After attempting each of our cards--two credit, two debit, we then realized that we had no other option but to back up and drive to the other toll lane which housed a tolling official. We slid the car into reverse and began backing up, forcing a Frenchman in a small white Peugot to back up as well. Pulling into the other lane, I explained to the woman at the toll office that "la machine n'aime pas notre cartes." She then, like us, attempted to use all four of our cards, without success. She then opened her hand for Euros. But even after digging between the seats we could not find any more loose coins. I halfway hoped that she would take pity on us and let us through after only paying 12.70 but instead she ripped a piece of paper off an official pad and wrote me a bill. I have ten days to mail it in.

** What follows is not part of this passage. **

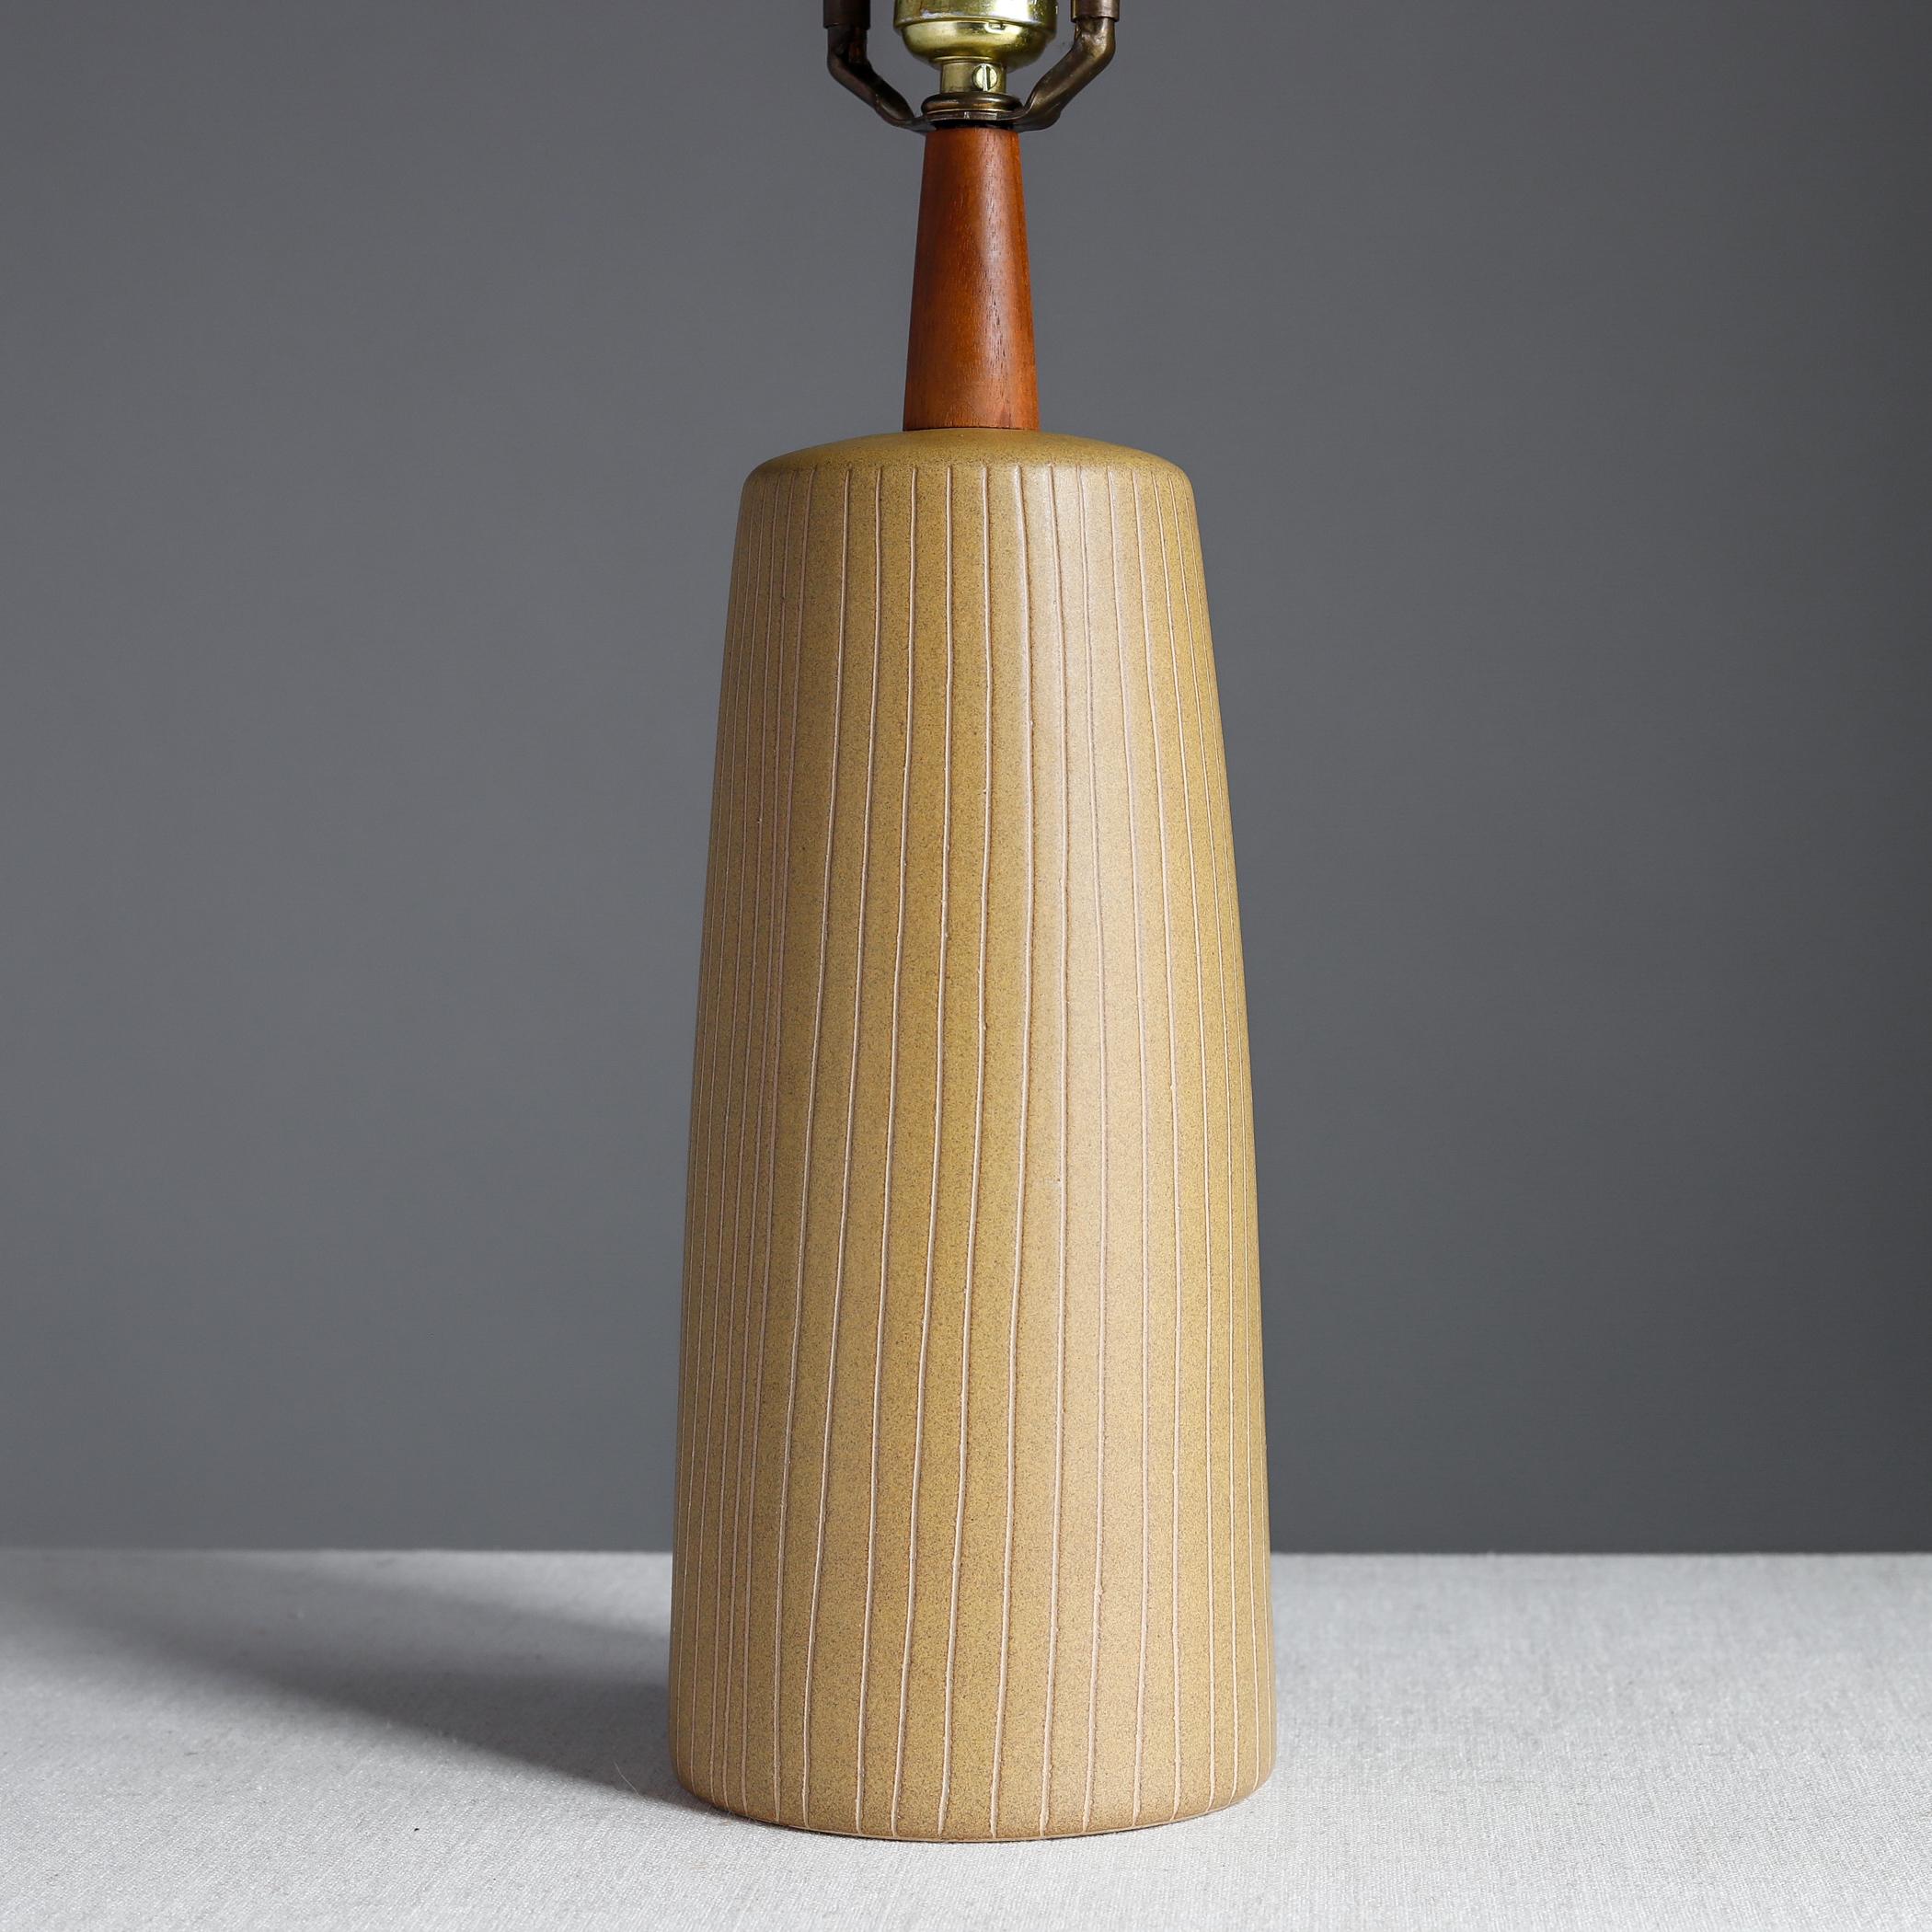 Midcentury ceramic table lamp designed by Jane and Gordon Martz for Marshall Studios of Indiana. The stoneware body has a warm mustard-y glaze with hand-incised vertical lines, mounted with a walnut neck and with original walnut finial. Signed

Part of me wanted to write a fake address, a fake name, something because she didn't even ask to see any identification. But the other part of me, the goody-goody part of me that crosses at crosswalks and doesn't run red lights, even if there is no one around, obediently wrote down my address in Seattle so they could bill me if I decided to skip town.


My mom and I decided that after that humiliating and frustrating experience, we were going to take all back roads to Paris. Yes, it took longer, but it was cheaper. And that, to me, is worth it.


I think one of the best things about going home will be realizing that everything will be priced in dollars. I won't have to mentally calculate an exchange rate to see how much something really is and if I do choose to drive on I-5, I won't have to dig around for $10 so I can exit to I-405.


Tomorrow is our last official day in France, in Paris. It's already 11 p.m. and my mom has warned me that we're getting up early. She's already asleep in the twin bed next to me. We're back in our original hotel in Paris and strangely enough in the same room. Another full circle: two weeks and back in Paris, thirty years ago, and back in Europe.